Segment Start: Collected data

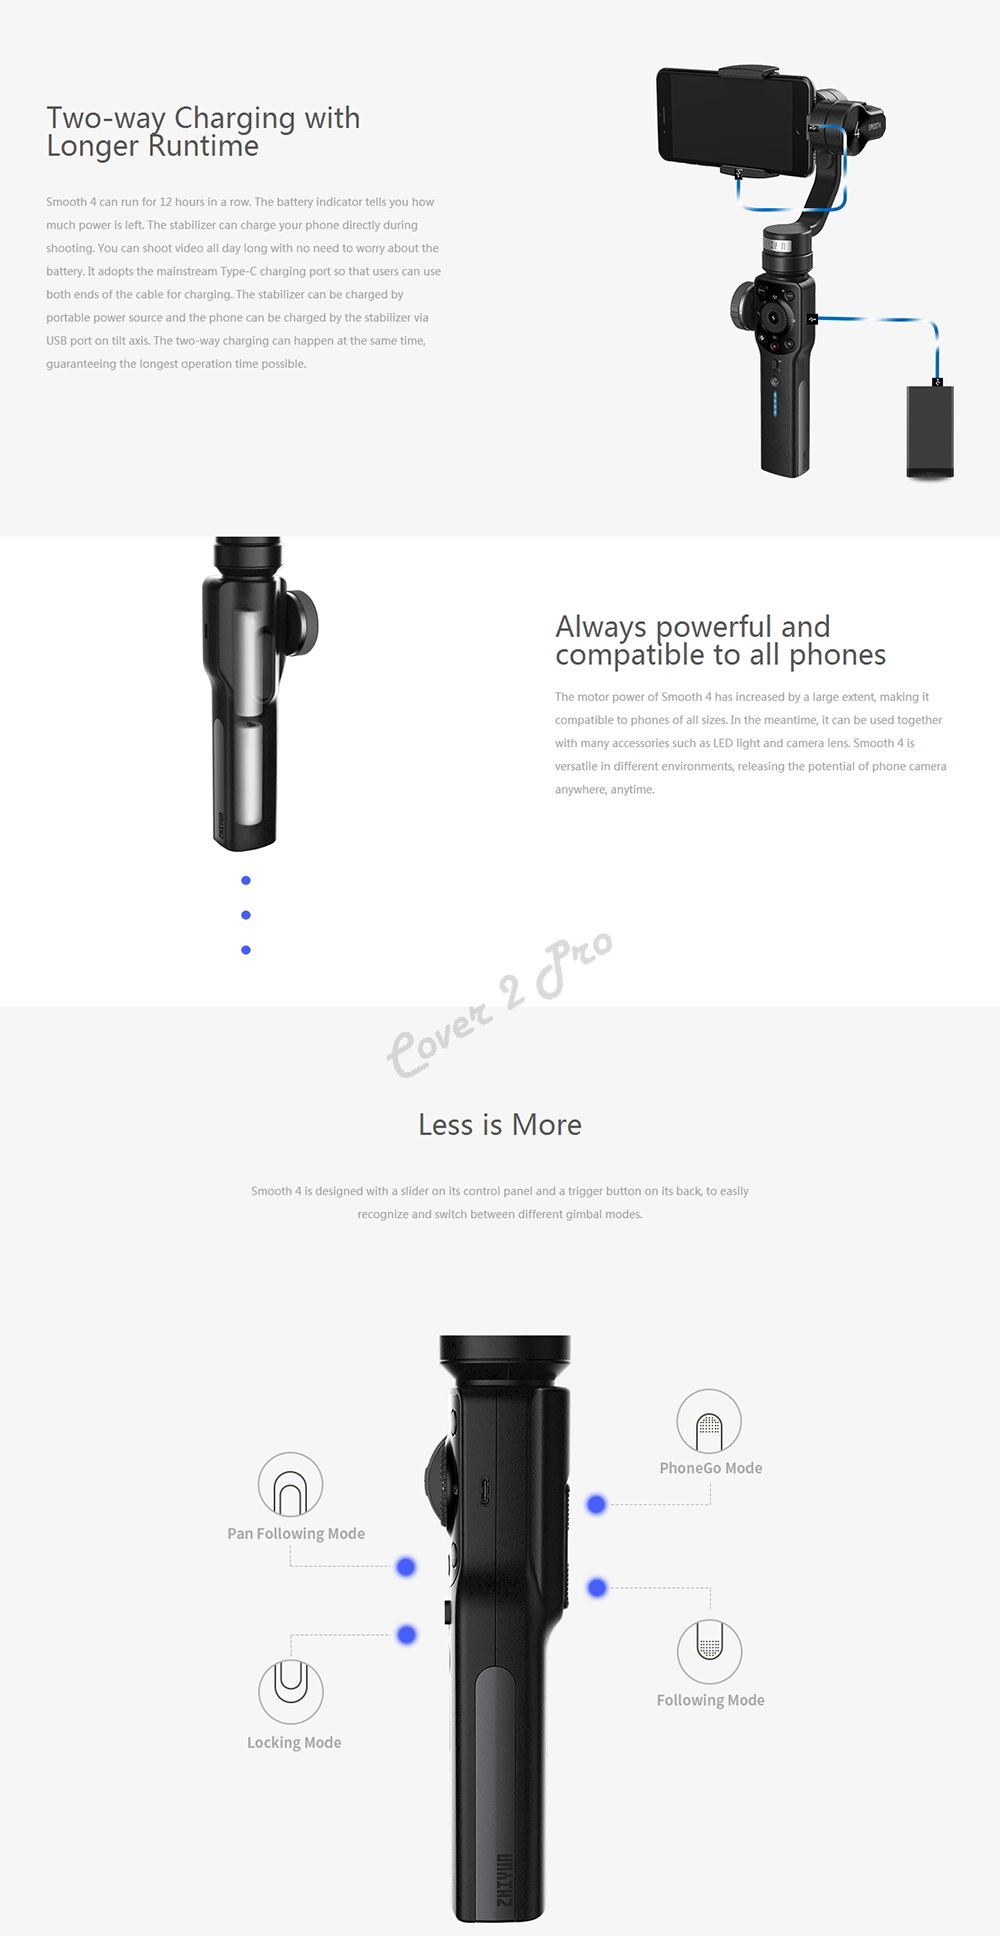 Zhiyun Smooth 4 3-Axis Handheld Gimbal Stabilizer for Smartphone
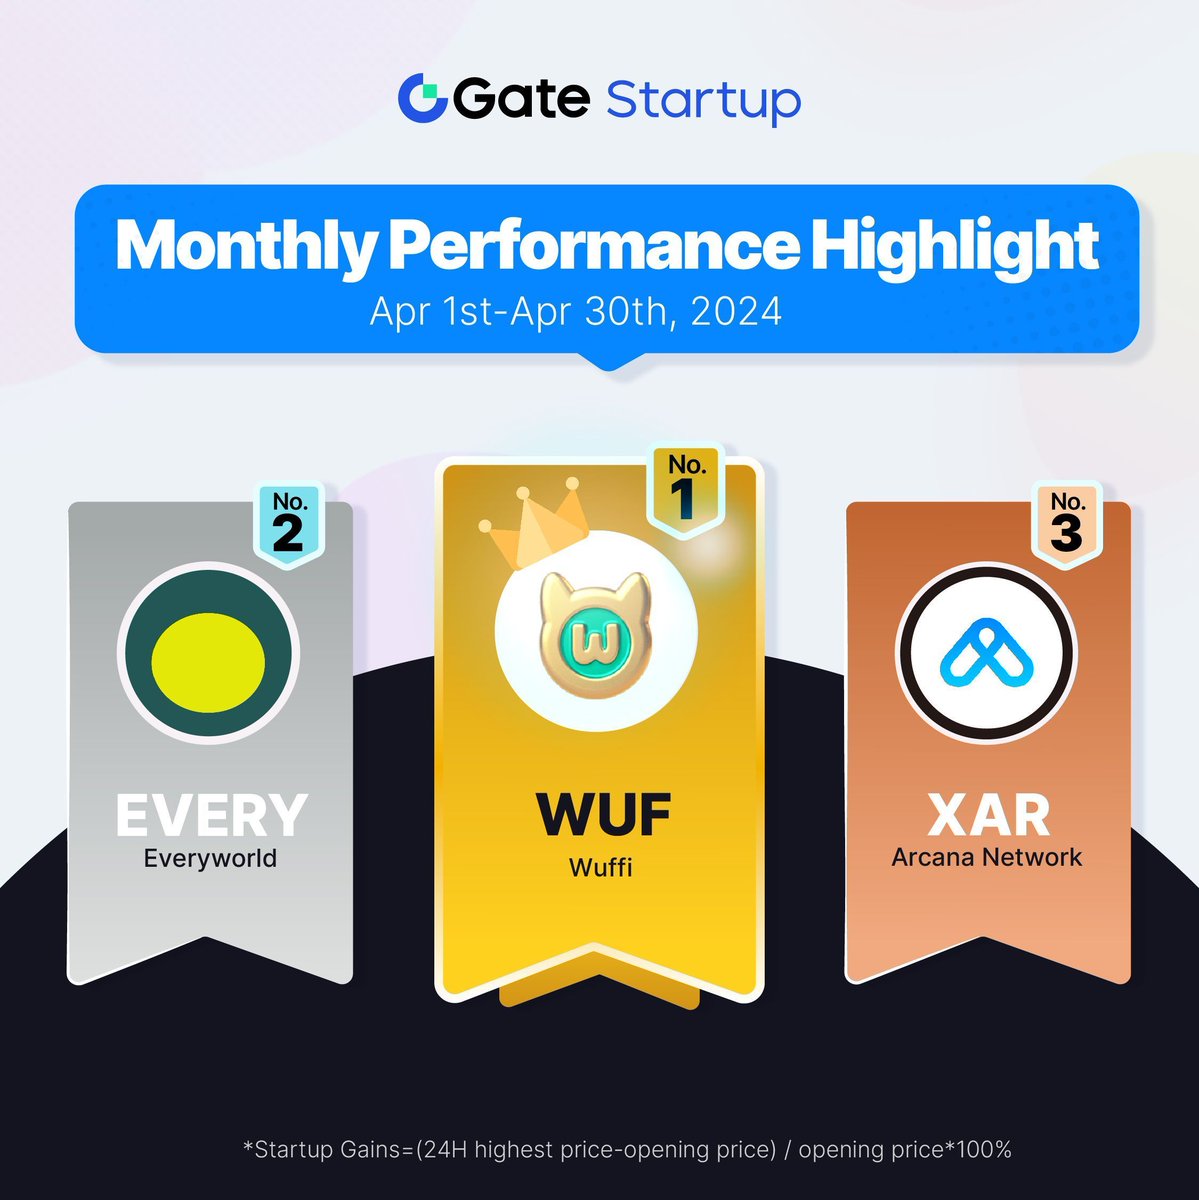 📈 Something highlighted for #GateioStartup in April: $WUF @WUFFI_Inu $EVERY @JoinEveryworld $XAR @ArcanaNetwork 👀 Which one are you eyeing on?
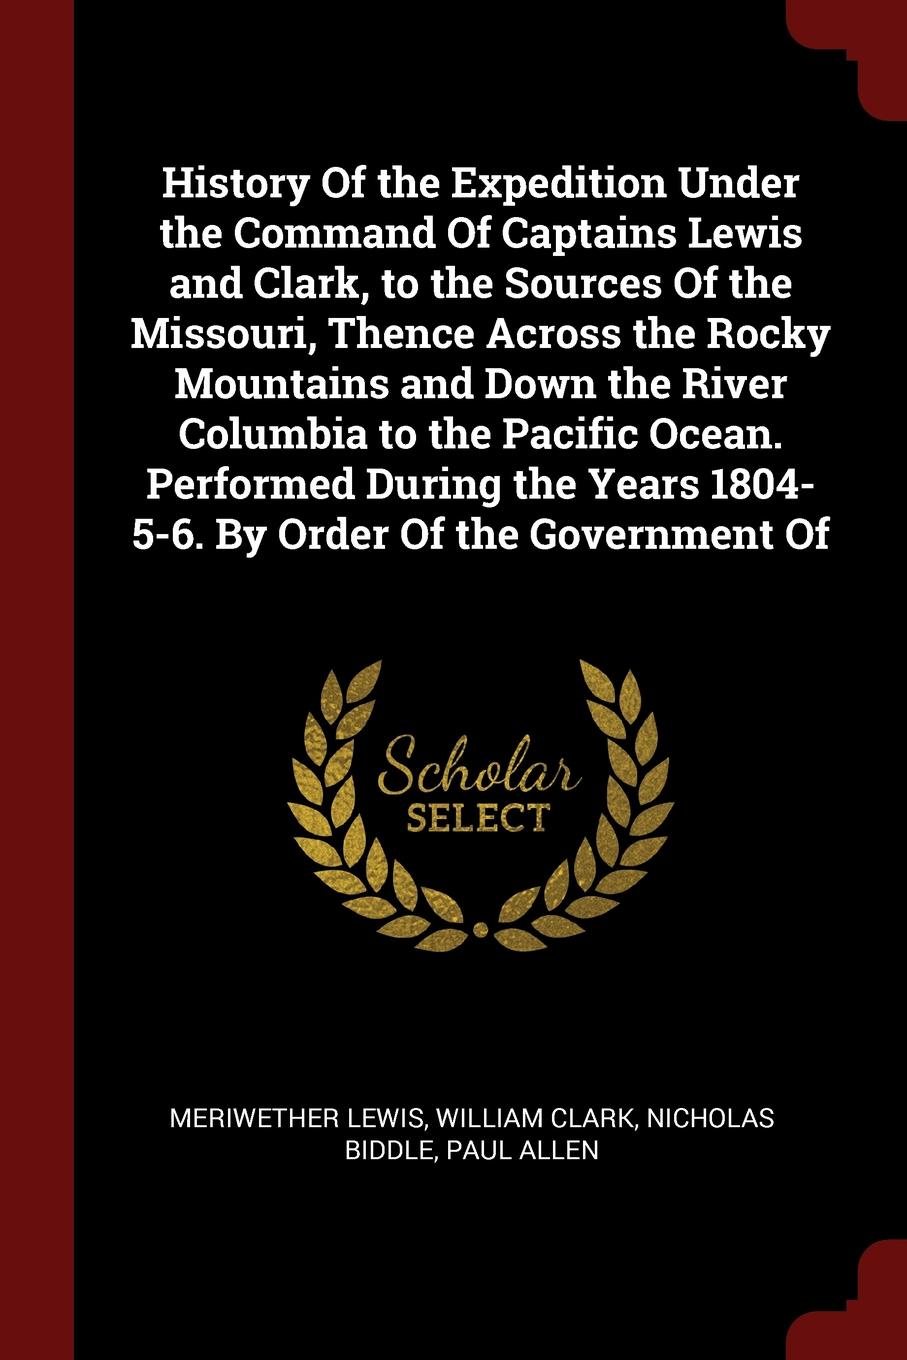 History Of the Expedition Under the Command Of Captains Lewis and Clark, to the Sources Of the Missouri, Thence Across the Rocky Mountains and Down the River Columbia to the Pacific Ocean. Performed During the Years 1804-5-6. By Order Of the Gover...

Segment End: Collected data

The problem: Reproduce the data above in full, exactly, with the images removed.

Written answer:
 Zhiyun Smooth 4 3-Axis Handheld Gimbal Stabilizer for Smartphone
 📈 Something highlighted for #GateioStartup in April: $WUF @WUFFI_Inu $EVERY @JoinEveryworld $XAR @ArcanaNetwork 👀 Which one are you eyeing on?
 History Of the Expedition Under the Command Of Captains Lewis and Clark, to the Sources Of the Missouri, Thence Across the Rocky Mountains and Down the River Columbia to the Pacific Ocean. Performed During the Years 1804-5-6. By Order Of the Gover...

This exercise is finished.